In the 1770s, Mary married James Townley, a proctor, son of James Townley the English dramatist. The couple established themselves in Ramsgate the east of Kent which was developing as a small port. Townley's business earnings were invested in buildings designed by his wife. They included barracks, later converted into houses, the development of Albion Place in the centre of Ramsgate, but above all Townley House (1792), a large mansion considered to be an architectural gem. A set of townhouses she designed in 1820 became the Regency Hotel and later included a language school. The building has recently been fully restored. An account written by her relative and tutor, the artist Sir Joshua Reynolds, praises Mary Townley's flair for architectural design, making her unique among women of her day.

Mary Townley played a prominent role in local society, arranging balls at Townley House and entertaining the nobility.

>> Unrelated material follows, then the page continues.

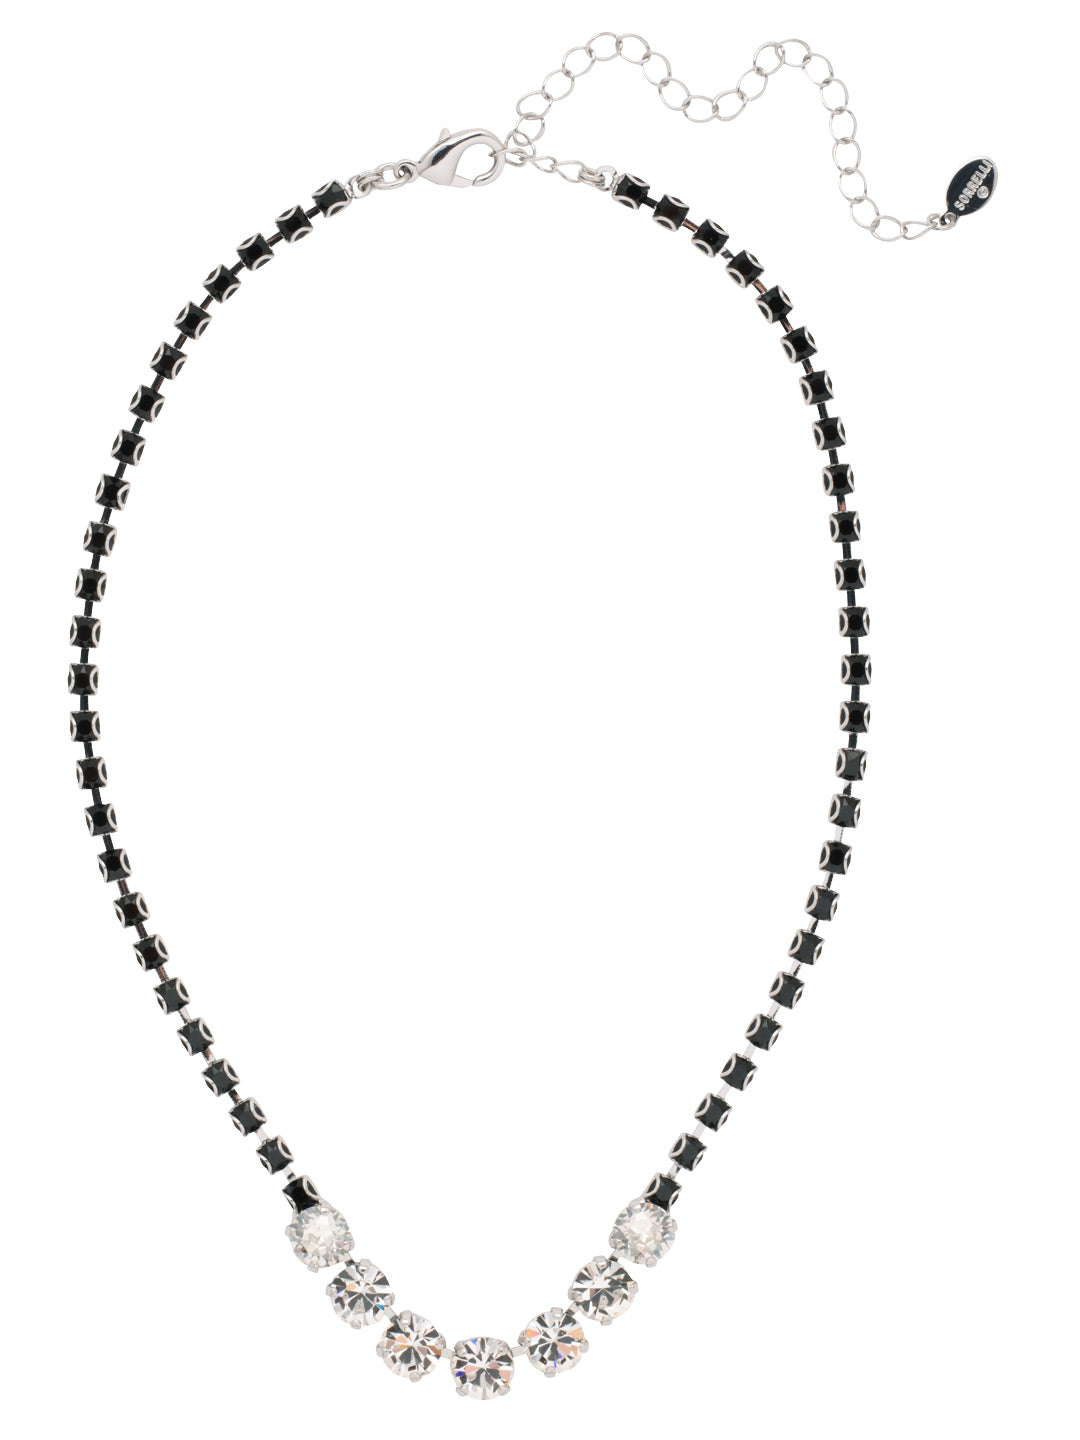 Coco Tennis Necklace - NEZ31PDSNI - <p>The Coco Tennis necklace shines all around; a crystal studded adjustable chain hosts a row of round crystals, secured in the back with a lobster claw clasp. From Sorrelli's Starry Night collection in our Palladium finish.</p>

Among her guests in the 1820s was King William IV. The Duchess of Kent with her daughter Princess Victoria, later Queen Victoria, stayed there for several months. The Townleys had nine children but after their eldest and youngest sons died in 1808 and 1810, Mary lost her interest in fashion and society. As a result of the devout Christian inclinations of two of her other sons, evenings were instead devoted to Bible readings. After her husband died, Mary became active in the local church until her death on 19 March 1839, aged 86.